## Supplied material
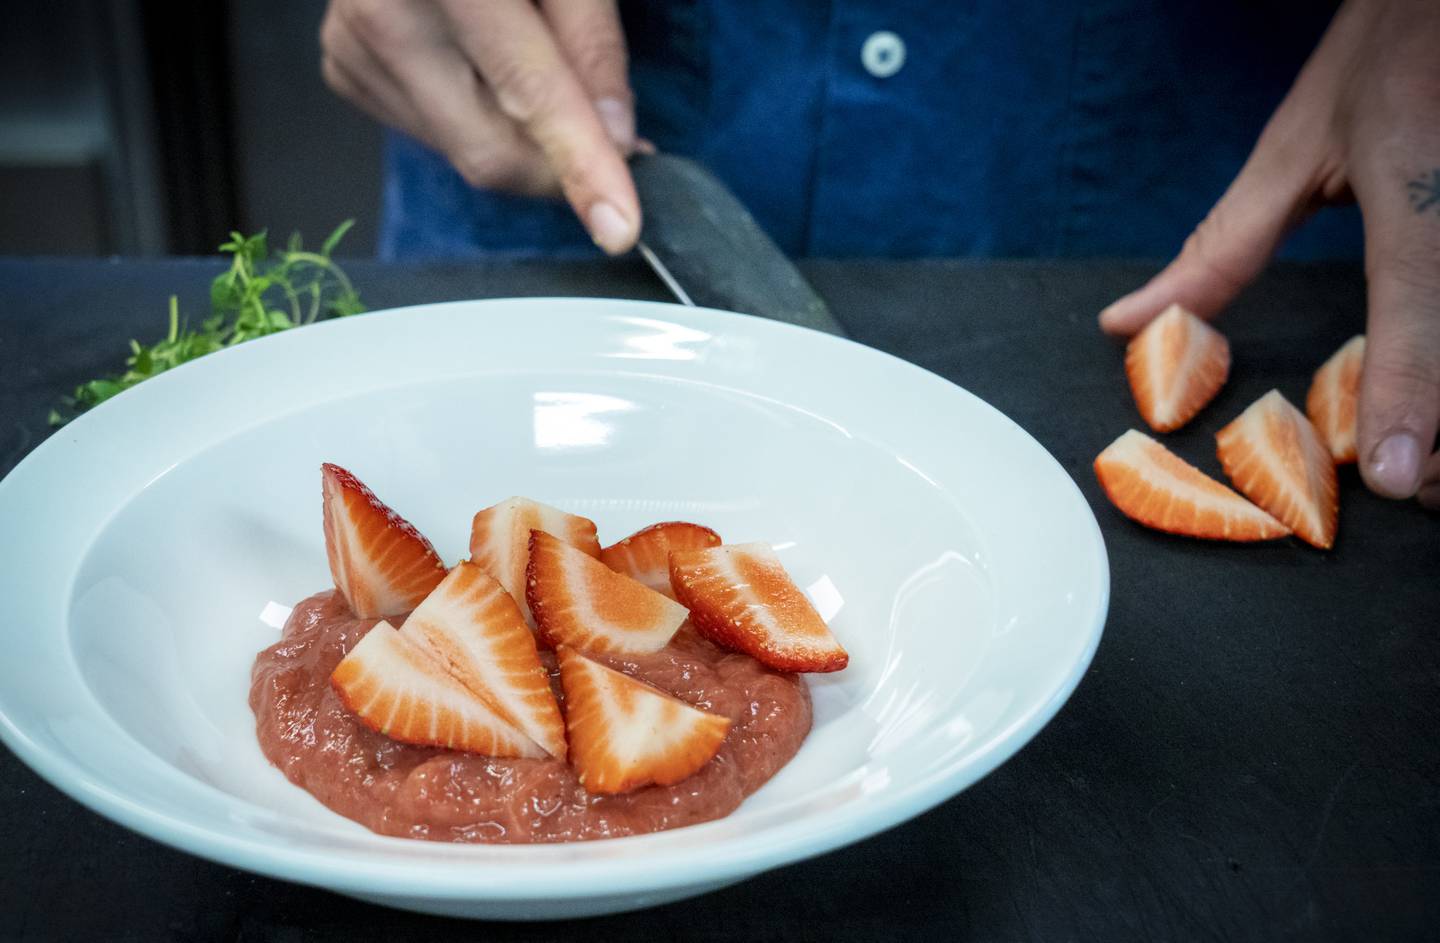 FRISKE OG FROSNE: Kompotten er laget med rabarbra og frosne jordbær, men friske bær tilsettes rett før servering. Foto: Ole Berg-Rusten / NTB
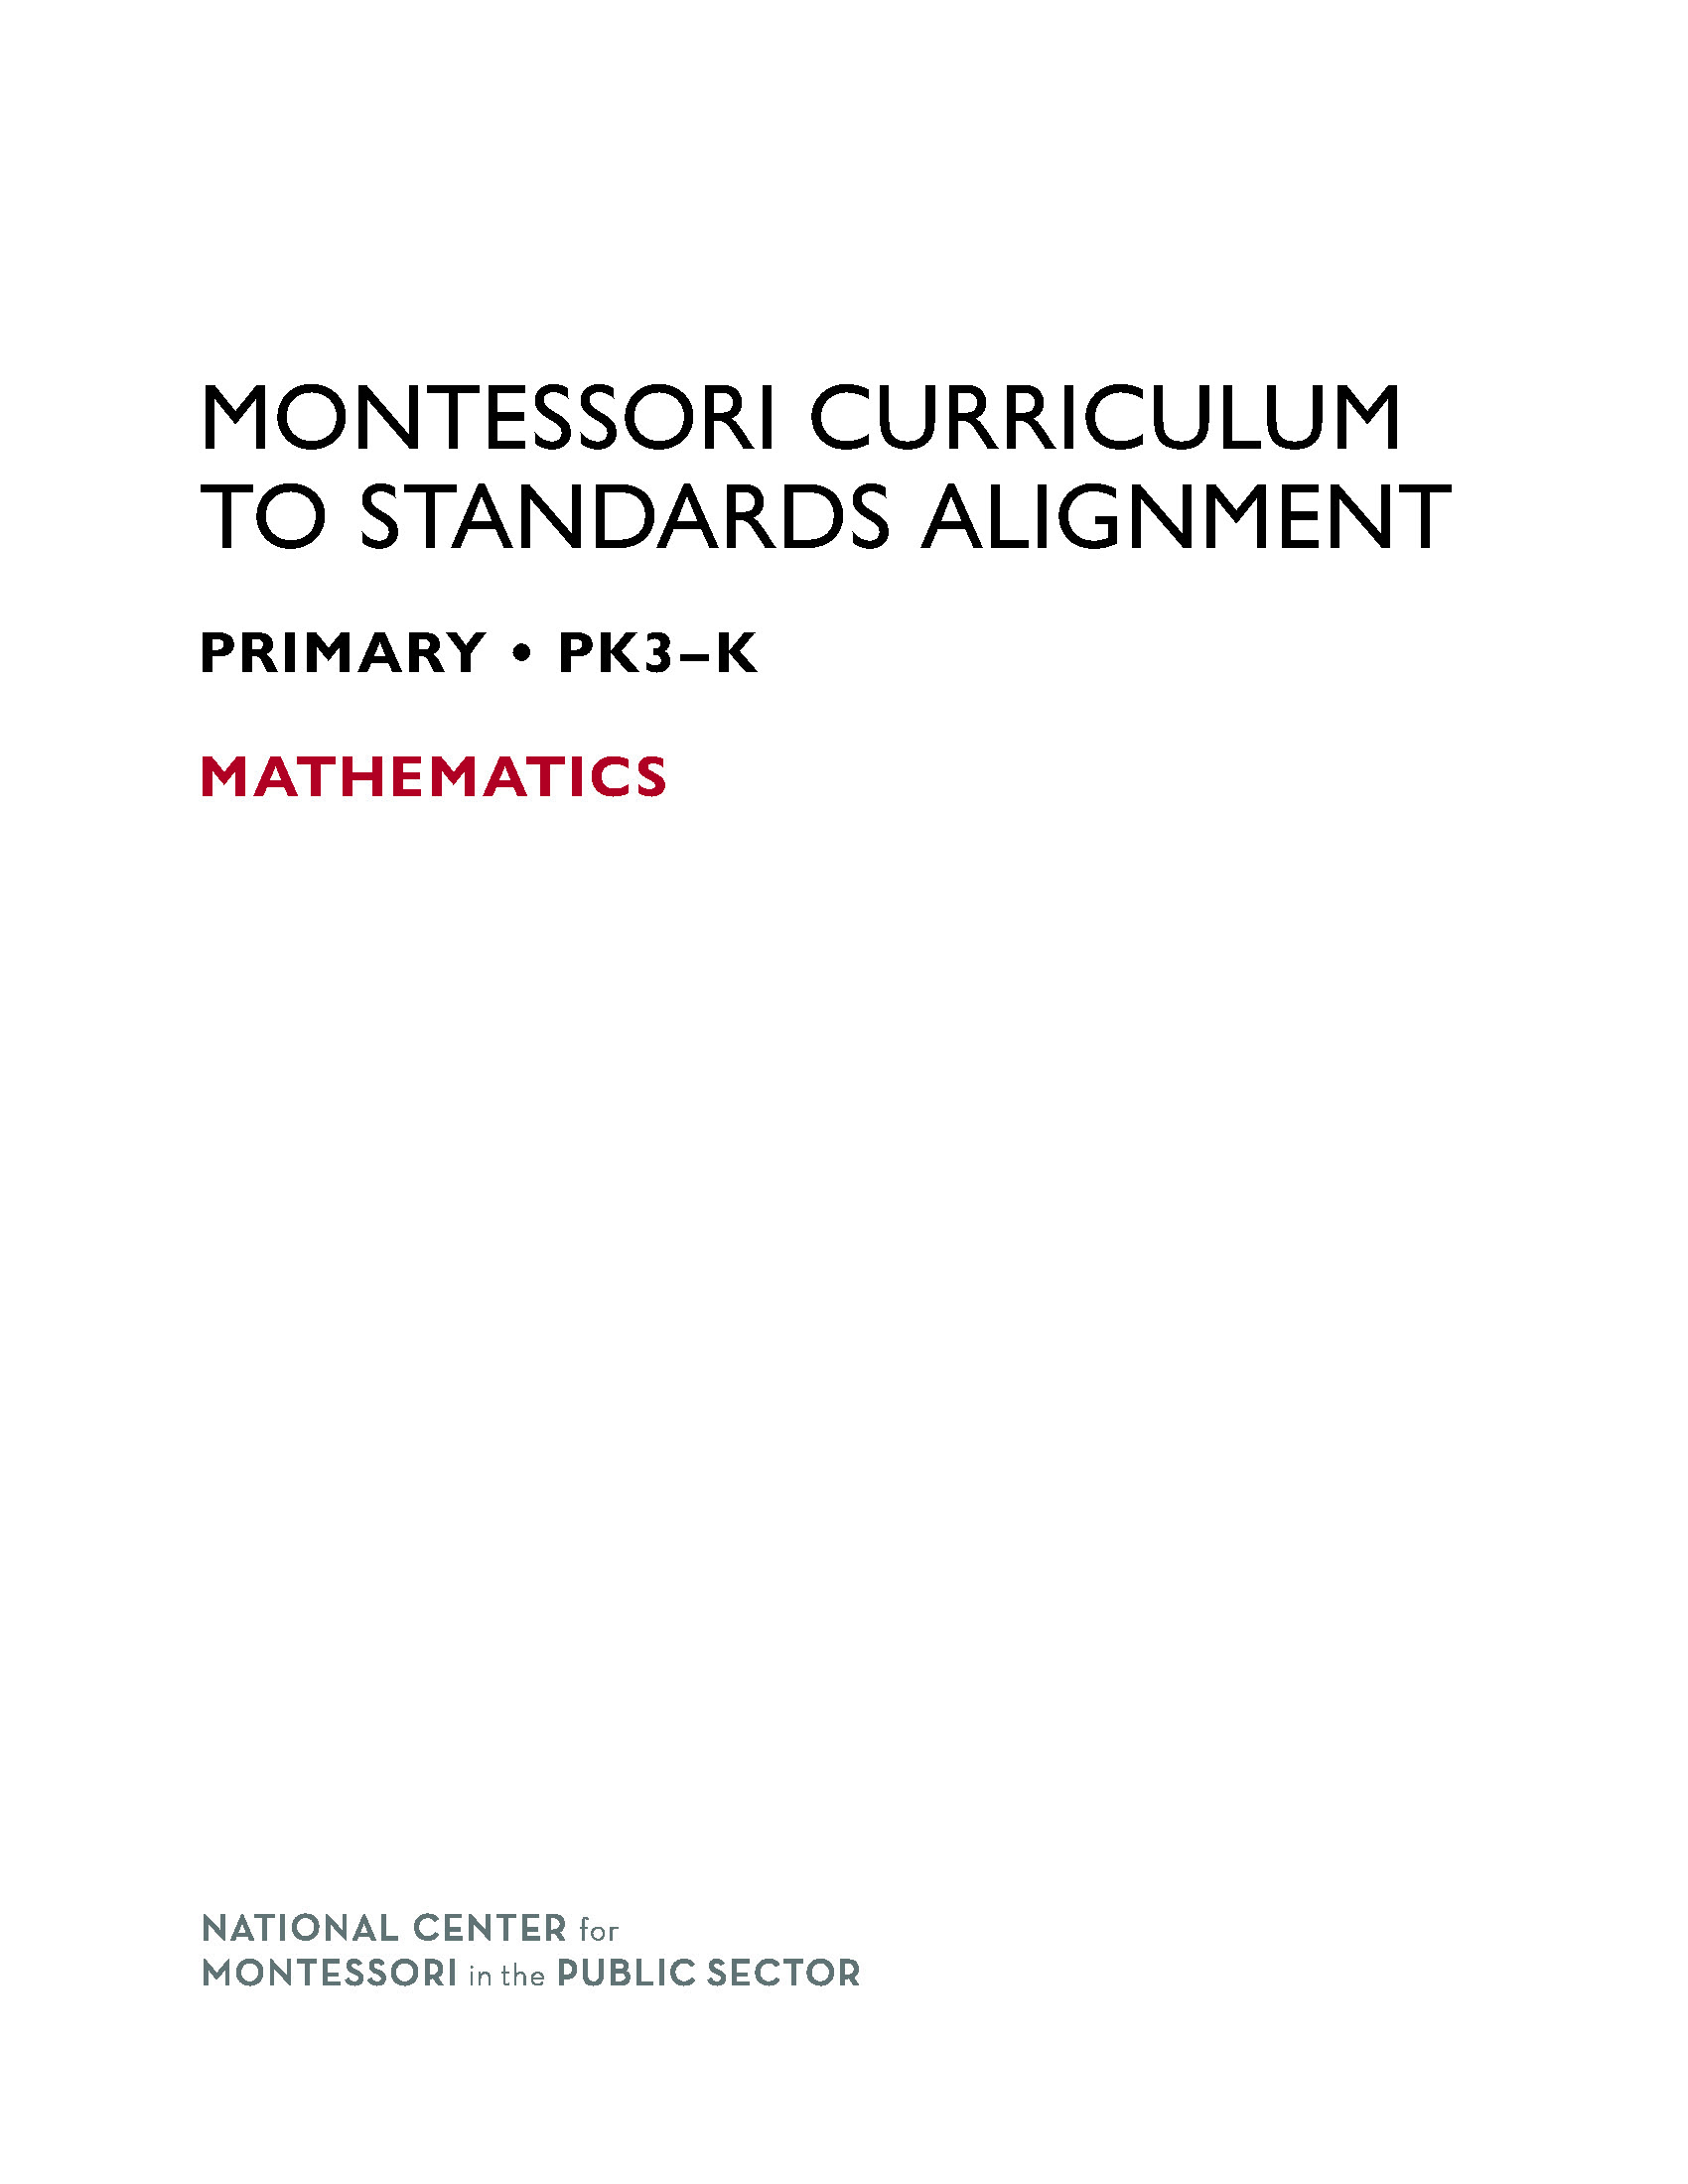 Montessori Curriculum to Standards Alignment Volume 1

==

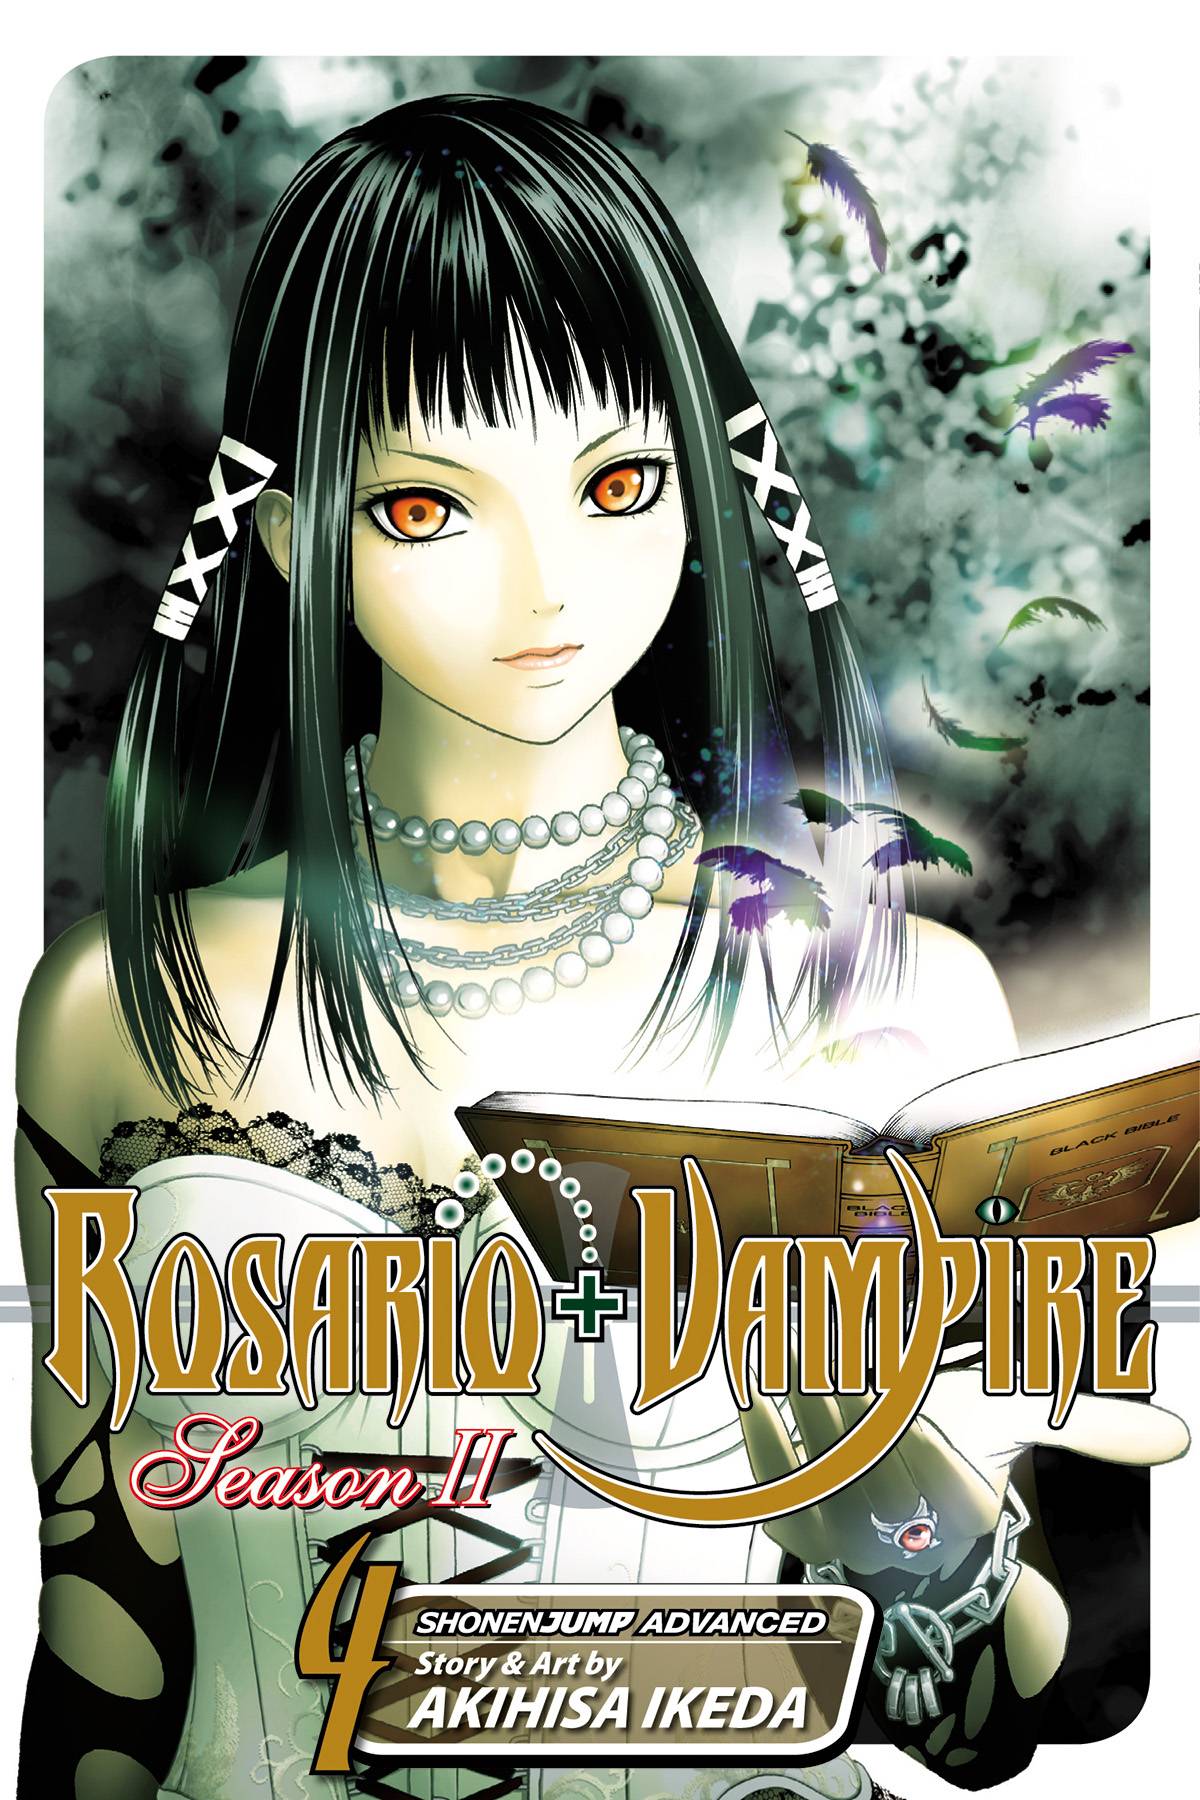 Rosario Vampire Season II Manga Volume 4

## Work to complete
For this exercise, transcribe exactly the part of the records above that opens with the line containing "FRISKE OG FROSNE: Kompotten" and closes with the one containing "Montessori Curriculum to". Pictures are not part of the copy.

## Completed exercise
 FRISKE OG FROSNE: Kompotten er laget med rabarbra og frosne jordbær, men friske bær tilsettes rett før servering. Foto: Ole Berg-Rusten / NTB
 Montessori Curriculum to Standards Alignment Volume 1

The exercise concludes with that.